Miko shrugged. ‘Why?’

‘Because I want to stab my eyes out with fork! Tell me, why does he think I am interested he meets Robert Kilroy-Silk?’

Katie and Miko both shrugged.

‘Why he want tell me – before drink before dinner even that he is not ready for long-term relationship?’

‘Would we be better off with Italian boys?’ asked Katie sympathetically.

‘No! Only if you be their mother always.’

Lucca made a wild emphatic gesture that indicated a general wrath towards the male species altogether and headed off to dish out more abuse to the coffee machine.

‘Lucca’s much more beautiful than me,’ mused Katie sadly.

‘Yes, she is,’ said Miko.

‘But still gets dickheads.’

‘Who do you get then?’ asked Miko.

Terence, clearly. He’d seemed all right when they’d met at that barbecue. OK, there’d been lots of other people there, and quite a lot of beer, but now…As if doing the opposite of reading her mind, Terence confidently placed a podgy hand on her knee. Inside, Katie recoiled.

‘I just want you to know,’ he said, boozily breathing in her face. ‘I’m just in this for a bit of fun, yeah? Nothing too serious.’

Katie hadn’t liked the way the conversation with Miko was going.

Really, what was wrong with her? True, Katie Watson would never win any international modelling competitions. She liked to watch documentaries where hatchet-faced women run up to lanky adolescent girls in the street, whisking them off to new modelling worlds of fun and rock stars in Milan and Tokyo, but she never kidded herself that was
her
destiny. Olivia said once this had happened to her, but although she certainly was lanky, Katie thought she might have been a) telling a fib (not out of character for Olivia), or b) been a victim of a misunderstanding concerning teenage prostitution.
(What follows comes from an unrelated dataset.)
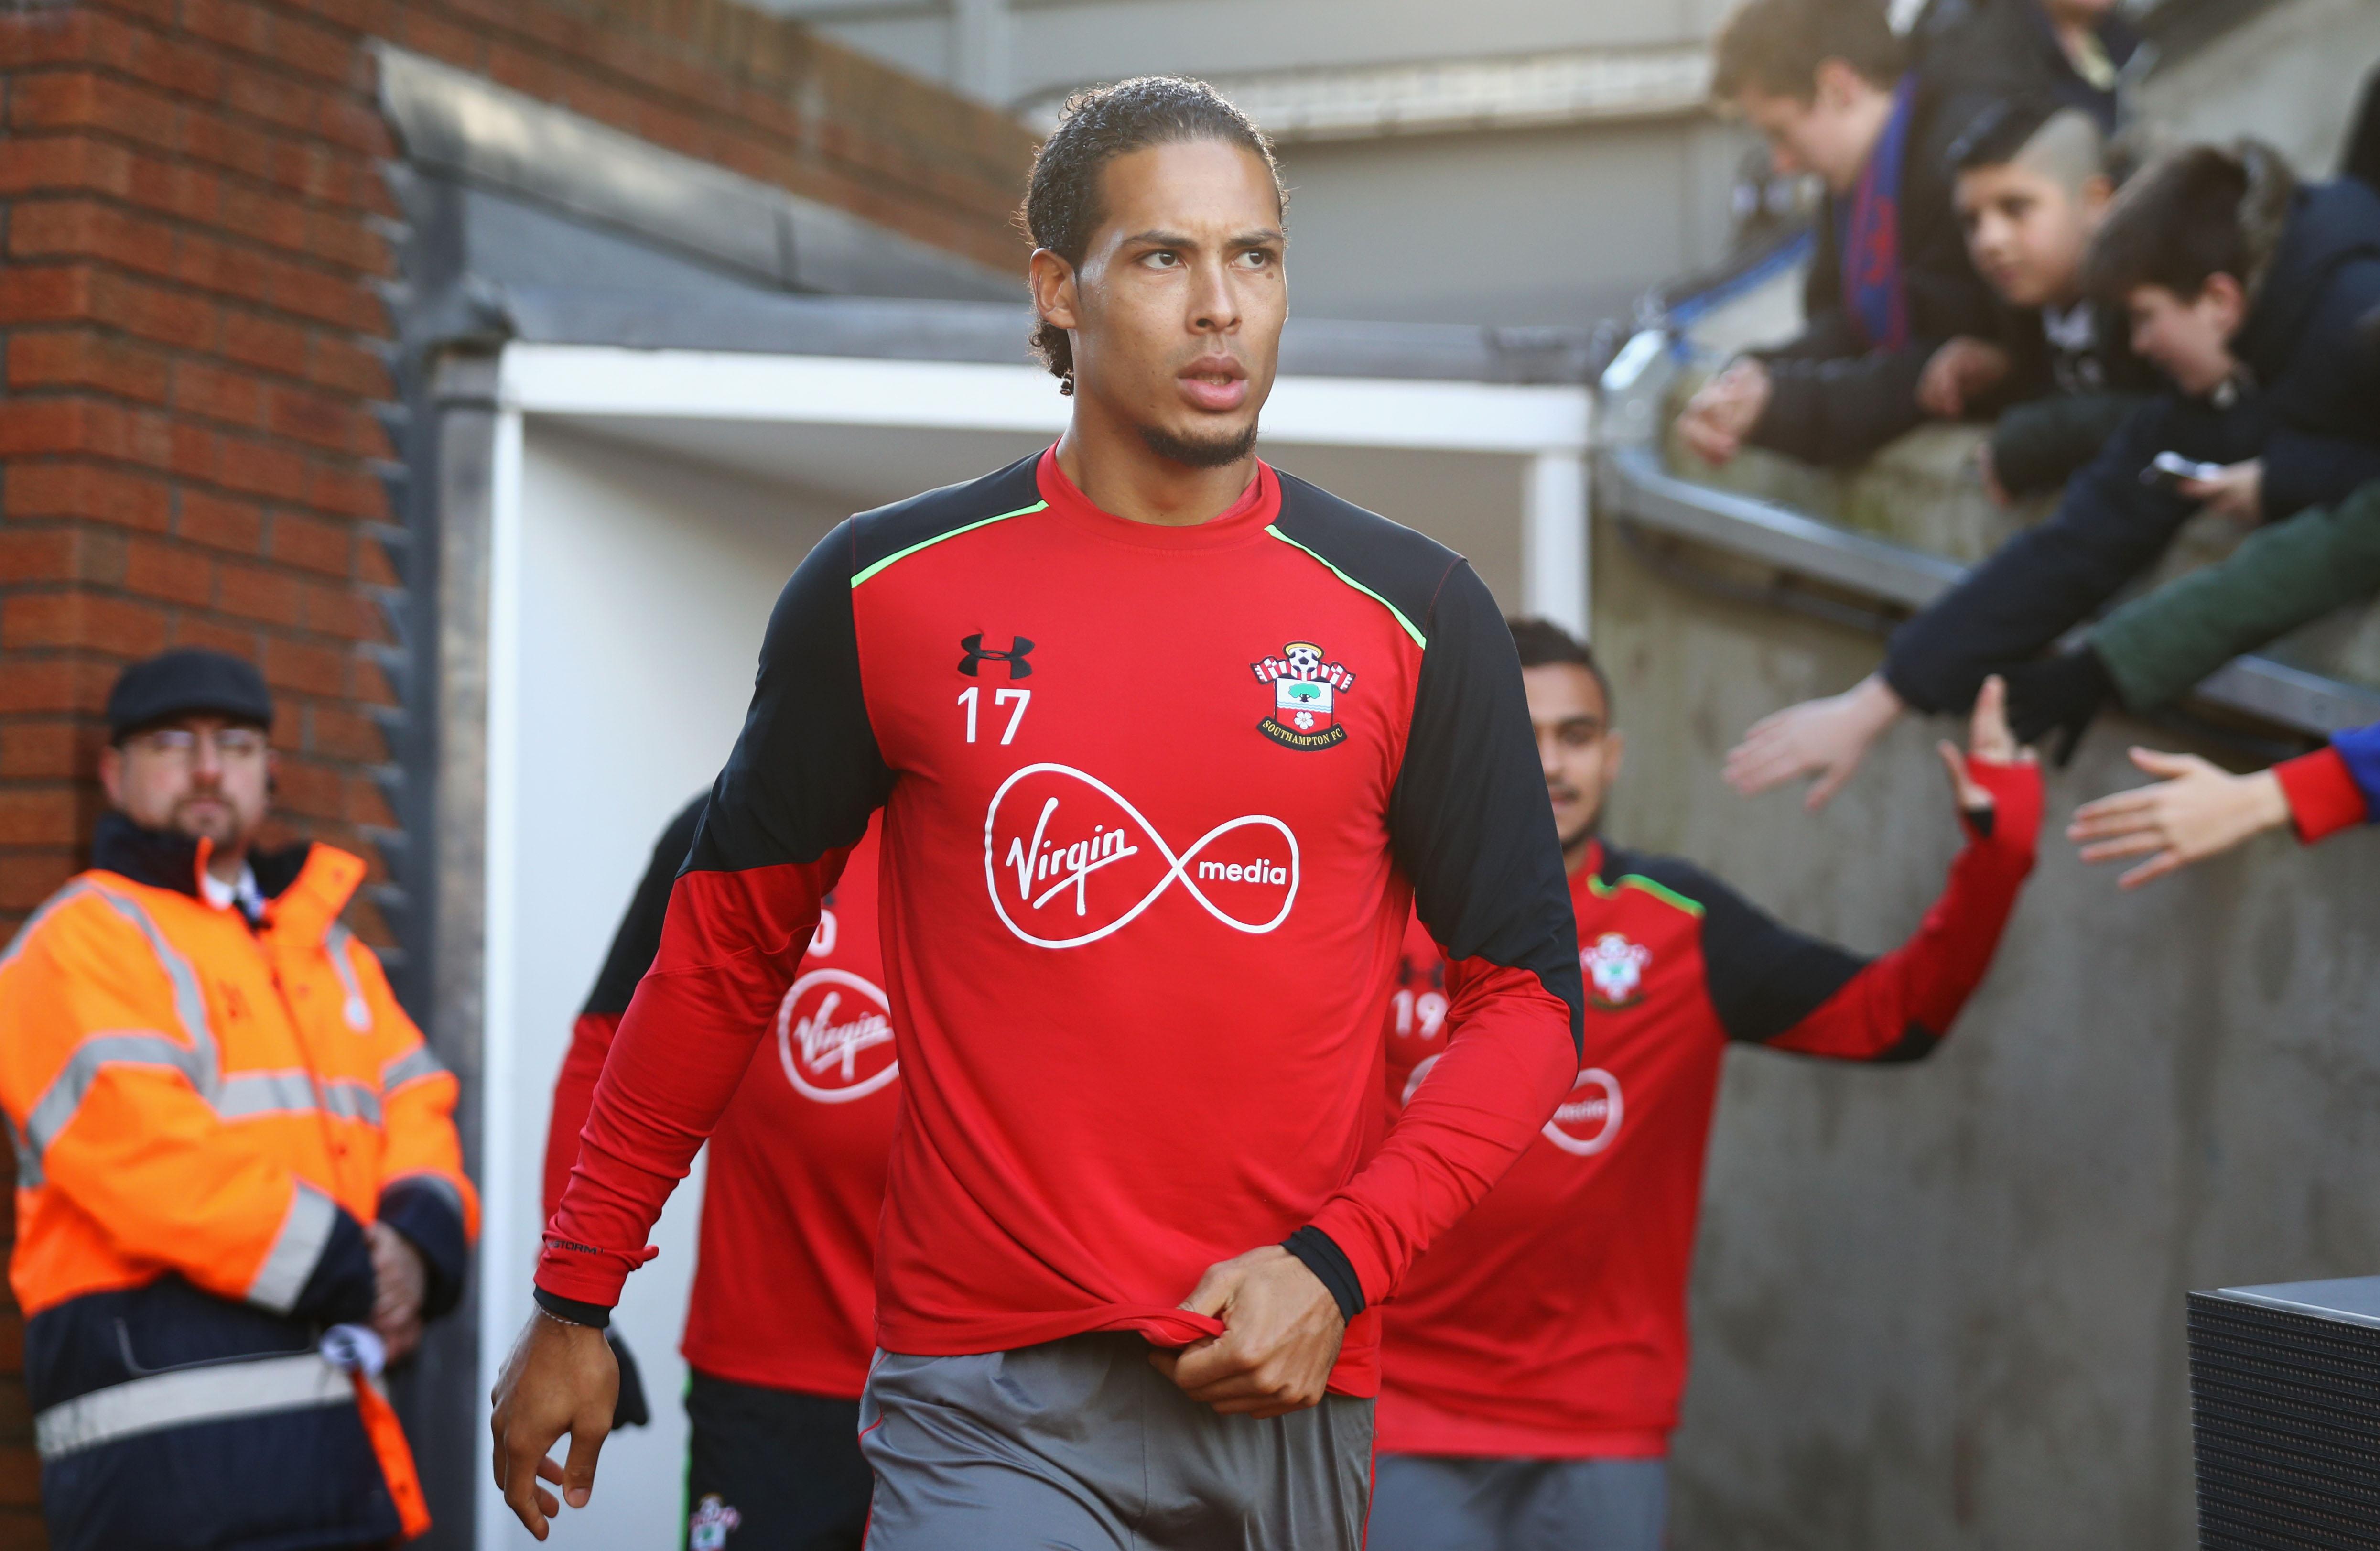 Liverpool and Chelsea yet to make official bids for Virgil van Dijk

Katie was, well, cute, she supposed. ‘You’re a cutie,’ her ex-boyfriends had said. None of them had ever said, ‘Katherine Watson, you are the most staggeringly beautiful thing I have ever seen in my life. I would kill for you. I would lie down and die for you. Your muddy-coloured eyes sparkle like moonbeams; your soft lips, though not in the Angelina Jolie class, are like peaches. Your wide hips are life in my hands and your slightly short stature I consider nothing but a delight.’

Still, it made her look younger than she was, that was something about having a pixie face and a pointed chin. Although she was definitely growing out of the age where
she could wear pigtails to accentuate trying to be cute, which she supposed had benefits in no longer having men ask her how long her stockings were.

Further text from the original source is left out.